After he was approached, Zhang and his lab team decided to give it a try.

Creating a decanter is a “really old, long-standing issue, but because synthetic tools have been limited, interest has declined,” said Hu, Ph.D. Zhang laboratory group student, commented. “We rediscovered the problem and used a new tool to solve an old problem that is really important.”

Using a process called metathesis of alkynes, which is an organic reaction that involves redistribution or cutting and reforming of alkyne chemical bonds (such as hydrocarbons with at least one carbon-carbon triple covalent bond) – as well as thermodynamics and kinetic control, the group was able to successfully create something that had never been created before: a material that could compete with the conductivity of graphene, but with control.

“There’s a pretty big difference (between graphene and decanter), but in a good way,” Zhang said. “It could be the next generation’s miraculous stuff. That’s why people are so excited.”

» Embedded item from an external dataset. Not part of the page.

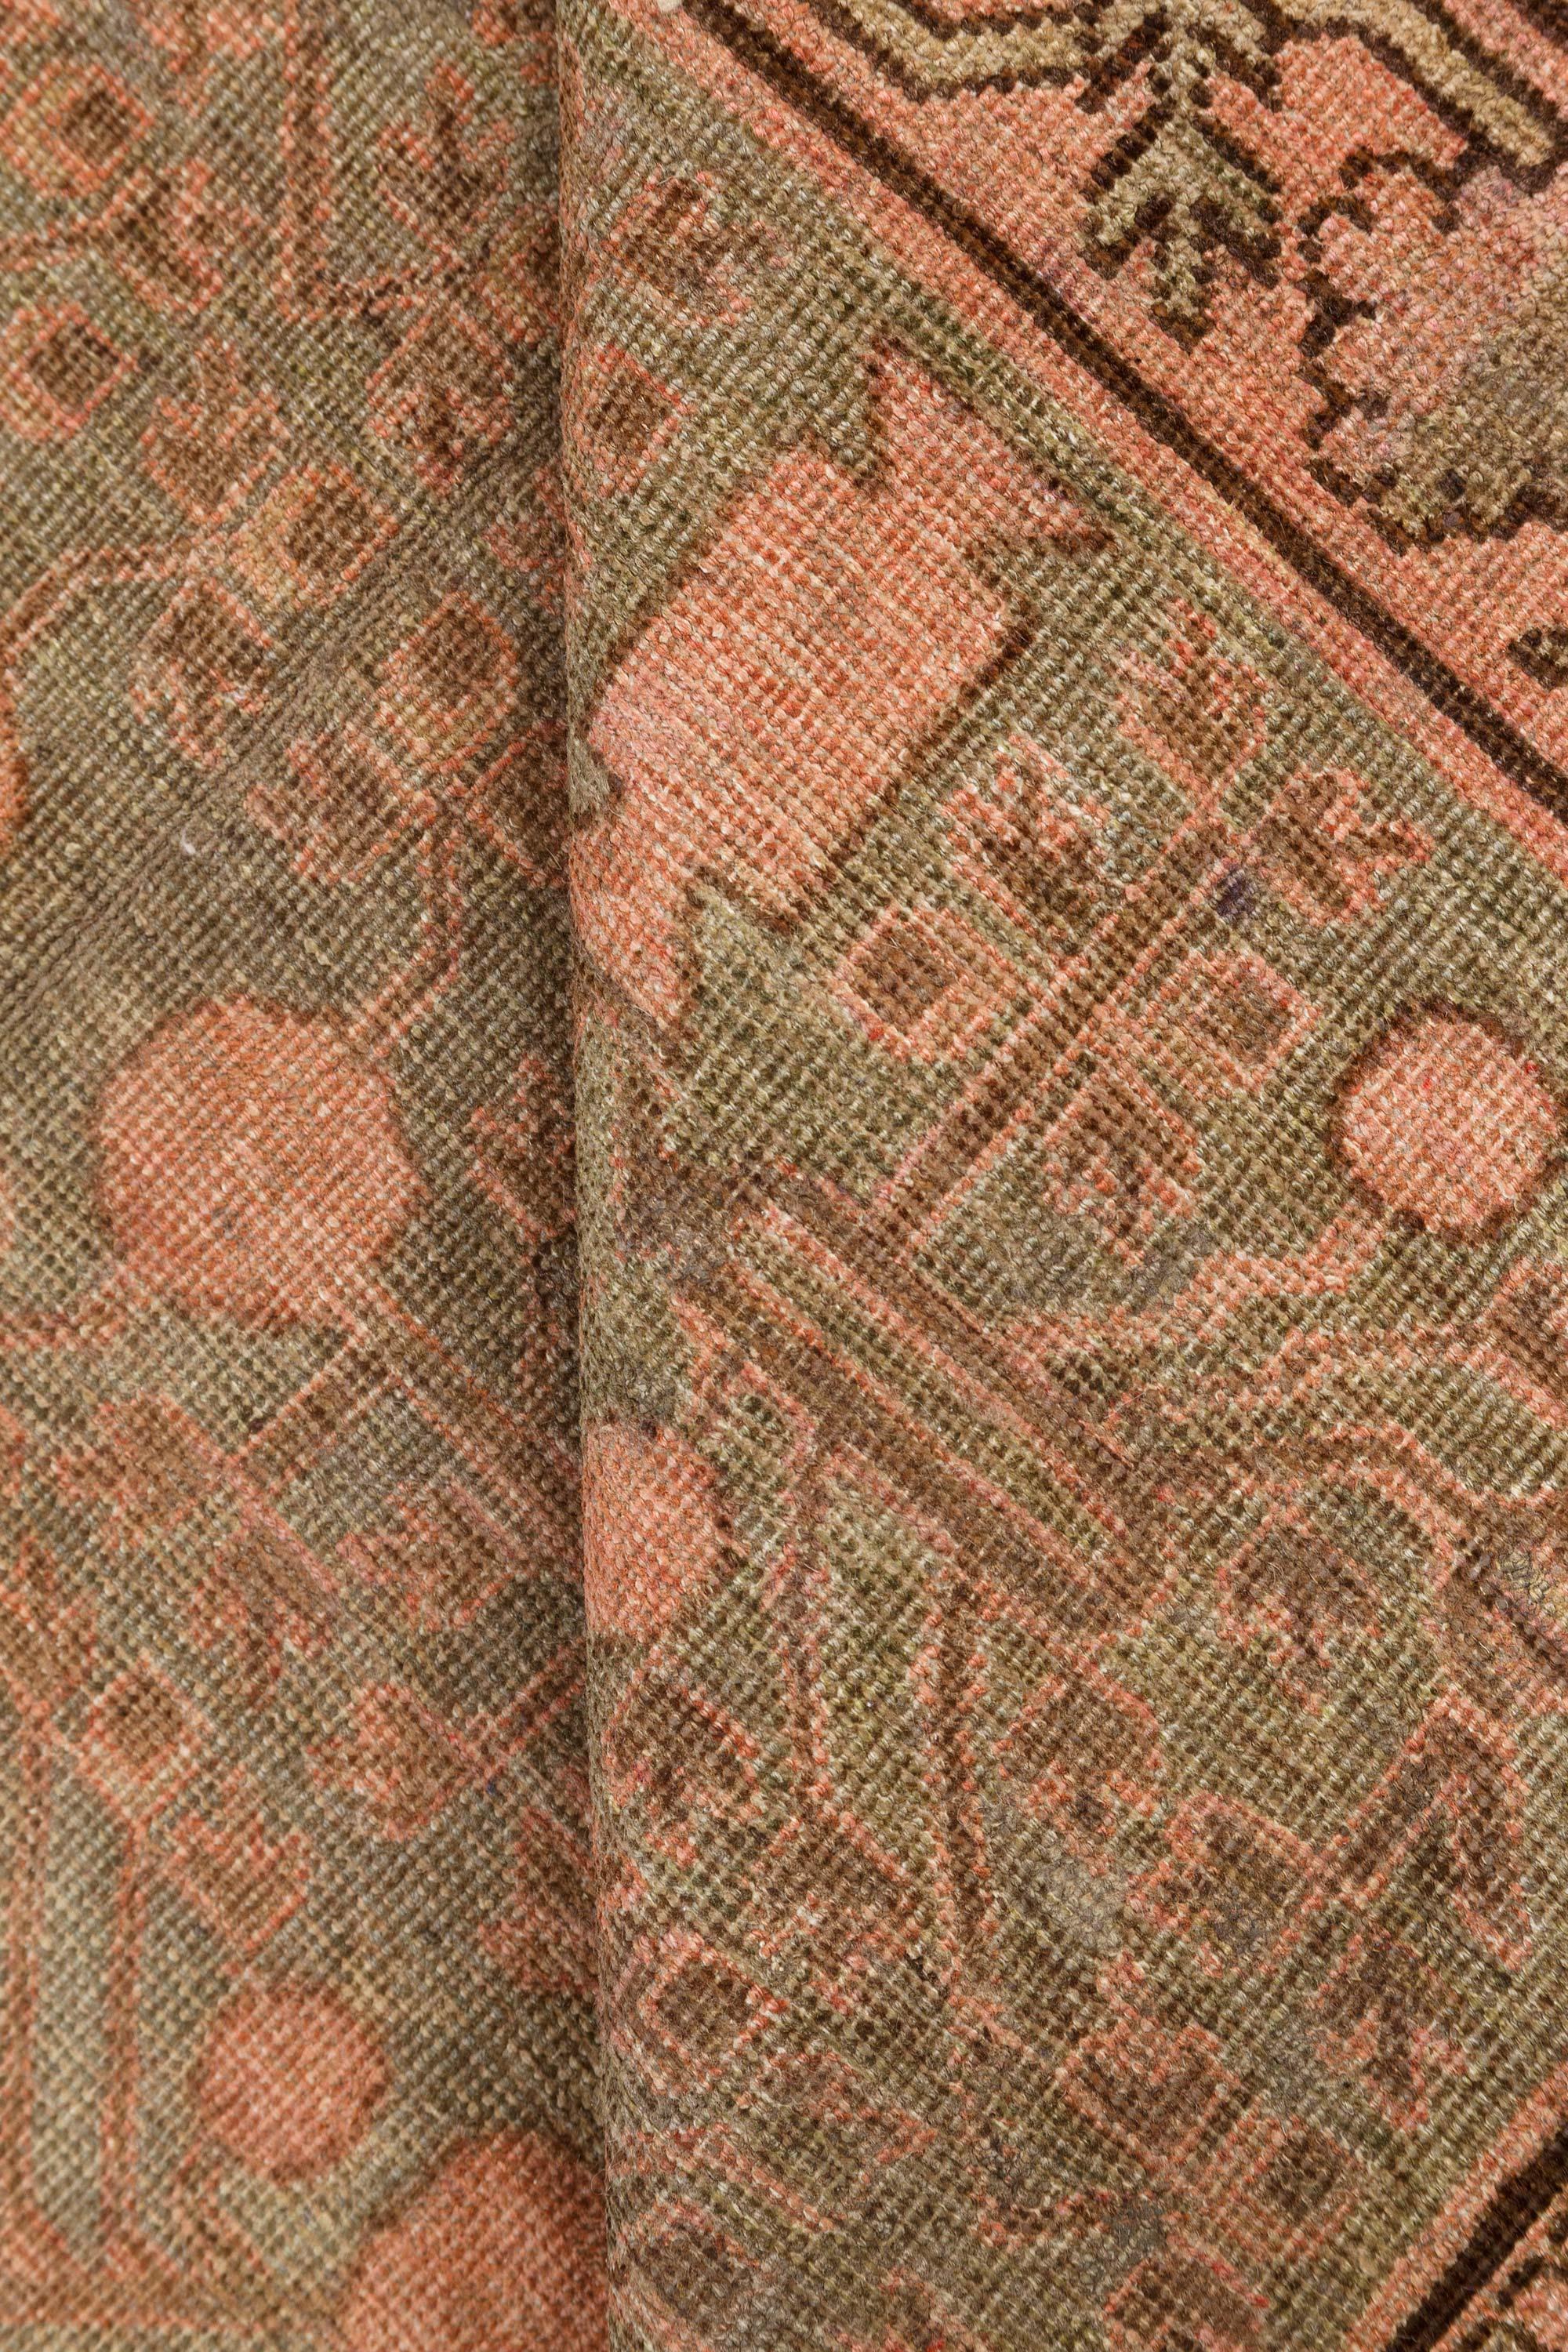 High-quality Vintage Samarkand 'Khotan' botanic handmade wool carpet
Size: 5'9
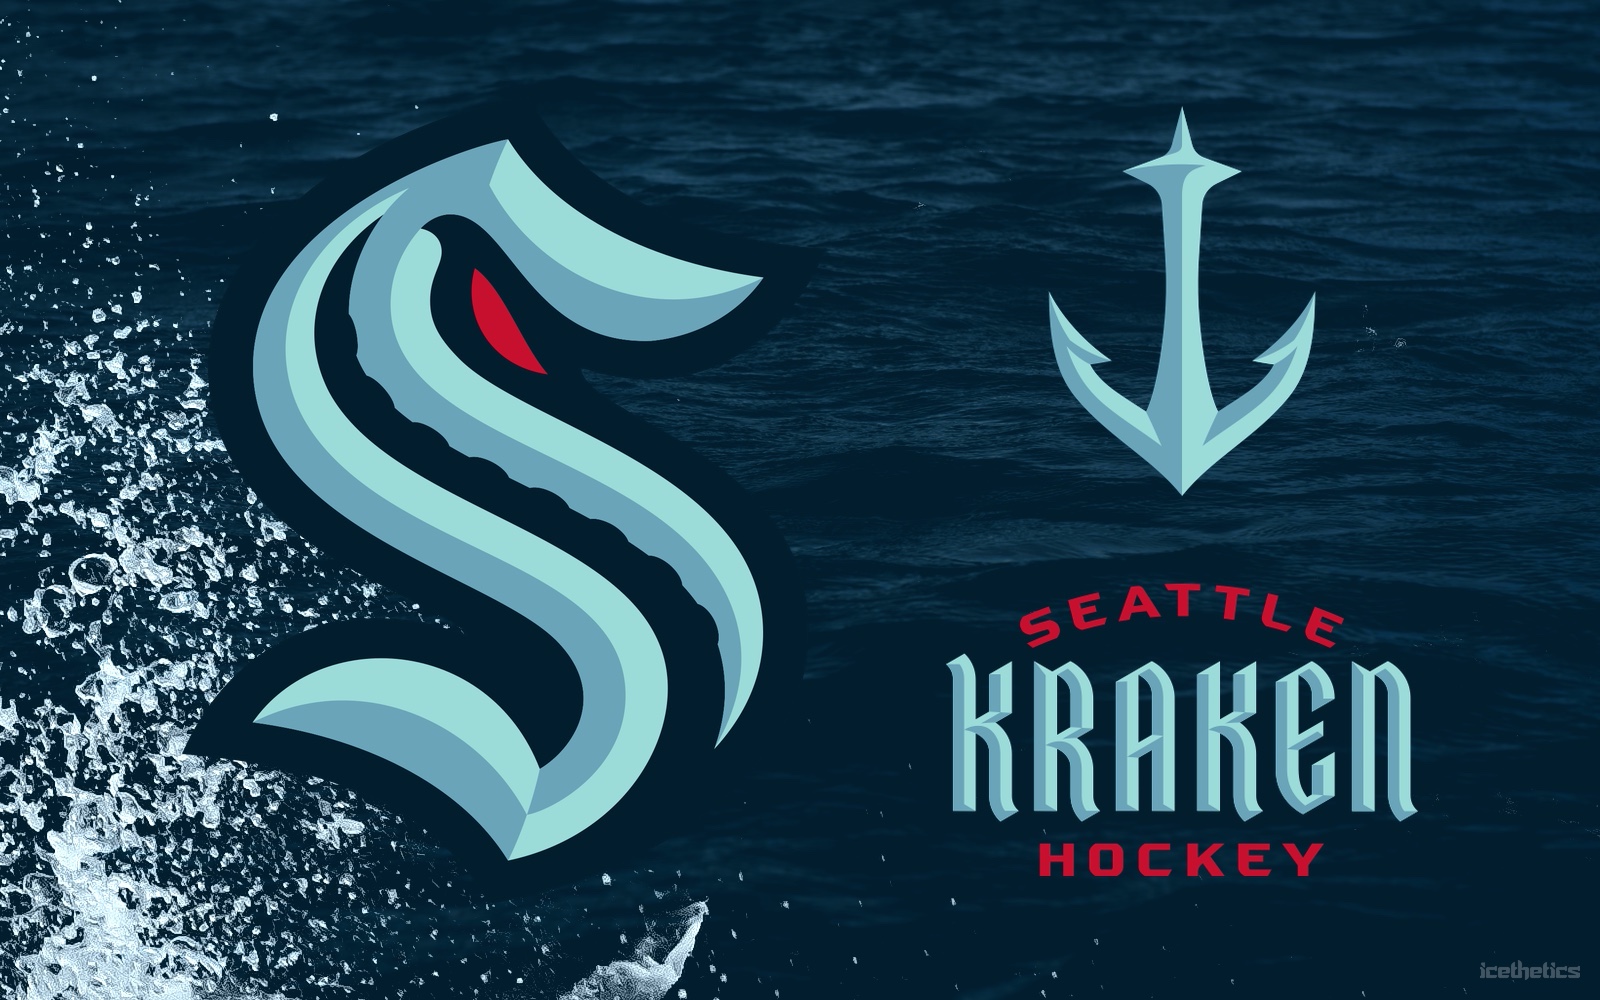 expansion team unveils Kraken nickname

Although the material has been successfully created, the team still wants to understand its details, including how to create material on a large scale and how it can be manipulated.

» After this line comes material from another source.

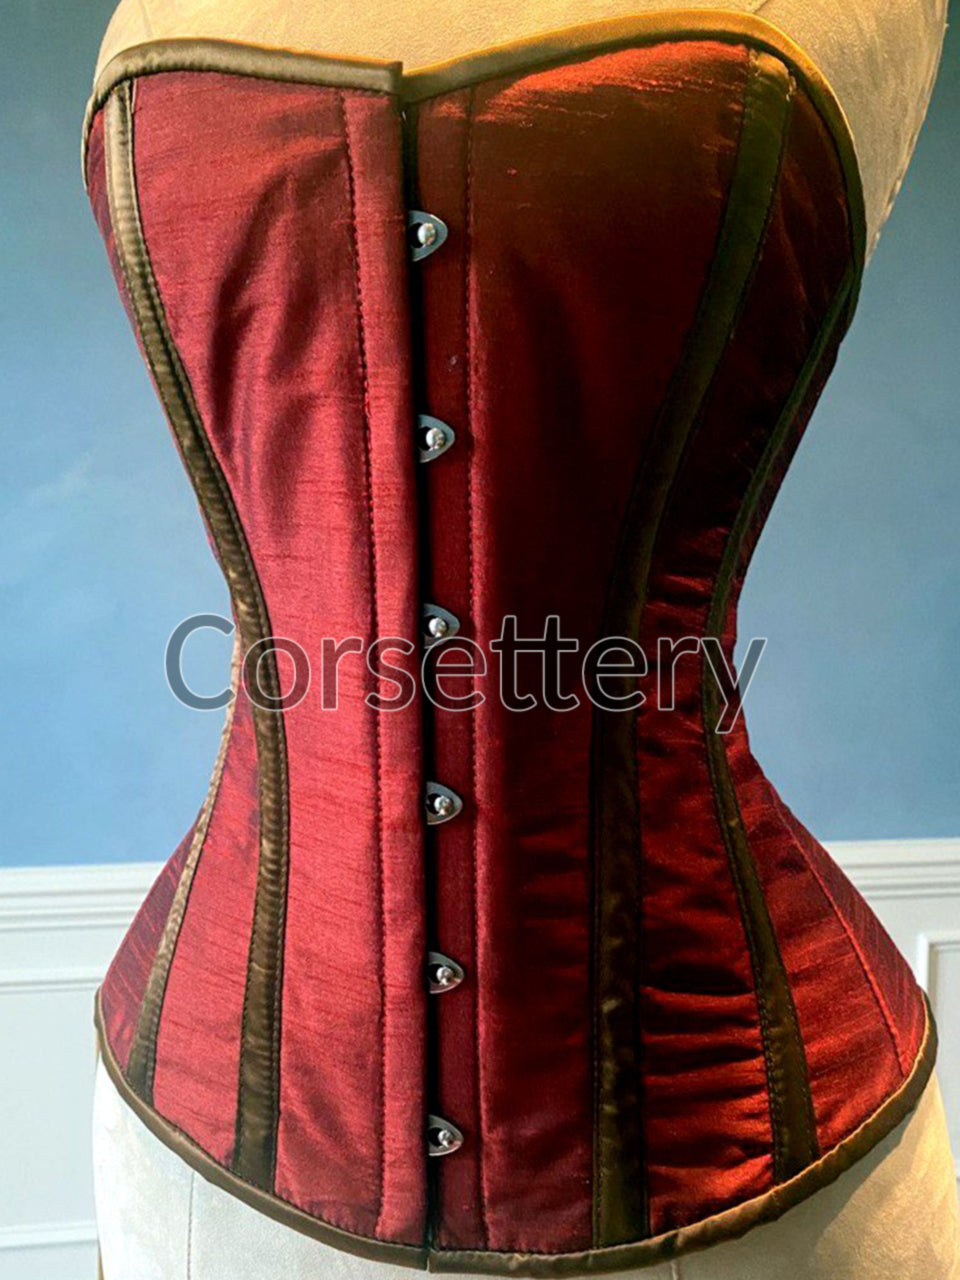 Classic taffeta corset red and black. Steel-boned corset for tight lacing.  Prom, gothic, steampunk Victorian corset.

“We are really trying to study this new material from different dimensions, both experimentally and theoretically, from the atomic level to real devices,” Zhang said of the next steps.

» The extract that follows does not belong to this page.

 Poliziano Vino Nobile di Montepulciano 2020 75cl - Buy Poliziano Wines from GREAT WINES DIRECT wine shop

These efforts, in turn, should help figure out how the material conducts the electron and optical properties can be used for industry applications such as lithium-ion batteries.

“We hope that in the future we will be able to reduce costs and simplify the response procedure, and then hopefully people will really benefit from our research,” Hu said.

For Zhang, this could never have been achieved without the support of an interdisciplinary team, adding: “Without the support of the physics faculty, without some support from colleagues, this work probably could not be done.”

Synthesis of two-dimensional perforated decanter

Additional information:
Yiming Hu et al., Synthesis of γ-decanter using dynamic covalent chemistry, Synthesis of nature (2022). DOI: 10.1038 / s44160-022-00068-7

Citation: The long hypothetical “next-generation wonder material,” first created (May 21, 2022), received May 21, 2022, from

This document is subject to copyright. Except for any honest transaction for the purpose of private study or research, no part may be reproduced without written permission. The content is provided for informational purposes only.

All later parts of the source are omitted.